Despite representing a growing share of the U.S. pediatric population, Hispanic children remain markedly underrepresented in genetic epilepsy research, clinical trials, and registries. This disparity is particularly striking given current demographic trends. Although Hispanic children represent approximately 23% of all U.S. births, they account for less than 12% of participants in major genetic epilepsy trials and registries. In theory, genetic epilepsies—many caused by de novo variants—and autism spectrum disorders should affect Hispanic children at least proportionately. Yet we see the opposite: a troubling pattern of under-diagnosis, delayed care, and limited participation in research and advocacy.

This review explores the multidimensional roots of Hispanic underrepresentation in genetic epilepsy research. It draws on data from genetic epilepsies and related neurodevelopmental conditions to underscore how inequities in healthcare access, language inclusivity, cultural sensitivity, and socioeconomic support can be addressed to improve representation. It synthesizes data from public health databases, peer-reviewed studies, and national statistics to identify patterns in Hispanic children's access to genetic epilepsy diagnosis, care, and research. The review includes data to illustrate Hispanic population diversity and its underrepresentation in non-Hispanic categories, while integrating case studies and published clinical research on disparities in treatment pathways and outcomes.

The review identifies multiple compounding barriers to participation for Hispanic families. These include late or missed diagnoses, lack of bilingual resources, exclusion from English-only clinical trials, and systemic poverty-related obstacles. More than 93% of U.S.-based clinical trials lack Spanish-language materials, further excluding families from participation. Hispanic children are significantly less likely to undergo genetic testing, receive specialist referrals, or be considered for surgical interventions like epilepsy surgery. Nearly 30% of Hispanic children live in poverty, and over 55% of uninsured children—disproportionately Hispanic—have unmet medical needs. Even when diagnosed, only 17% of pediatric patients with drug-resistant epilepsy who receive surgical intervention are Hispanic children and they have 32% lower odds of receiving surgical treatment for medically intractable epilepsy compared to White children.
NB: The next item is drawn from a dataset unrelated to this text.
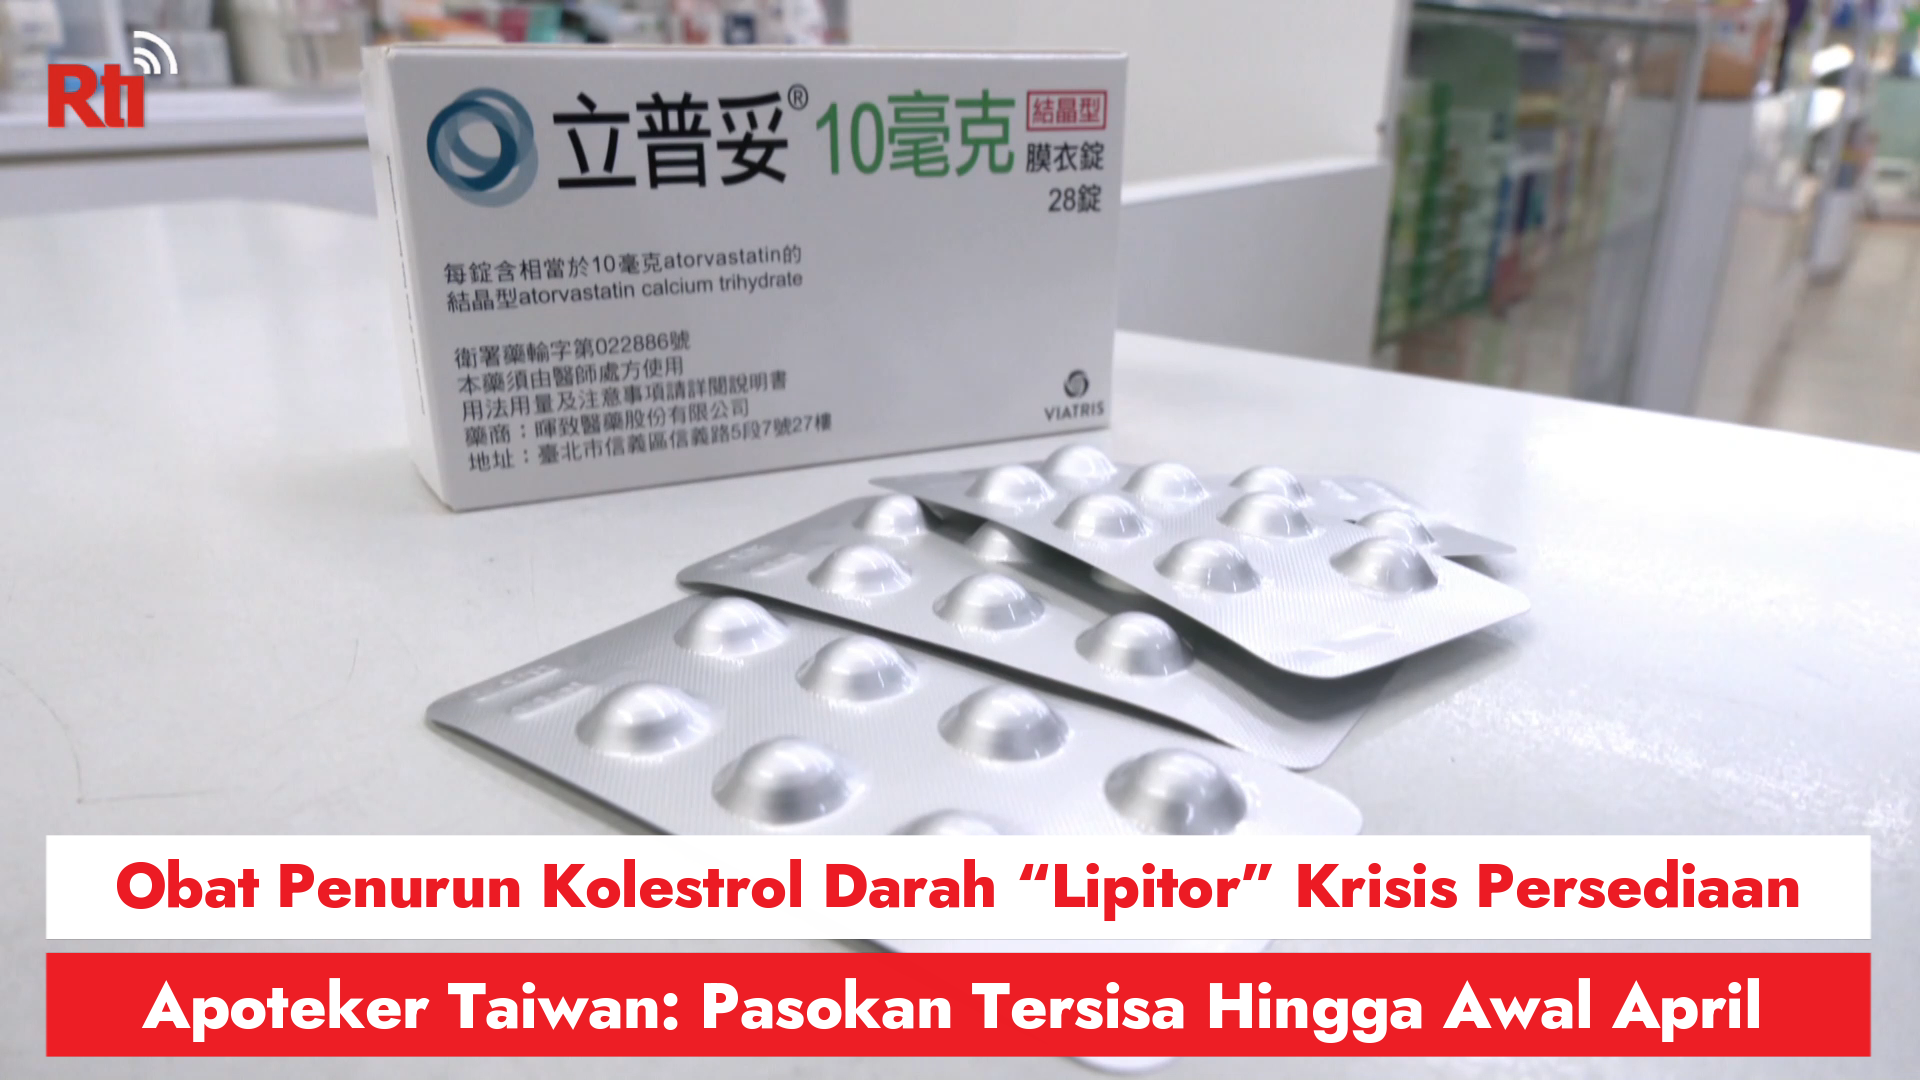 Obat Penurun Kolestrol Darah “Lipitor” Krisis Persediaan, Apoteker Taiwan: Pasokan Tersisa Hingga Awal April

Underrepresentation of Hispanic children in genetic epilepsy and neurodevelopmental disorder research is a multifaceted injustice. Efforts to close this gap must address language accessibility, cultural competence, and socioeconomic support. Clinical trials and advocacy networks must become intentionally inclusive, providing bilingual resources, financial support for participation, and trust-building outreach within Hispanic communities. By increasing visibility and participation, we can ensure that Hispanic children receive equitable care and that research outcomes reflect the true diversity of affected populations.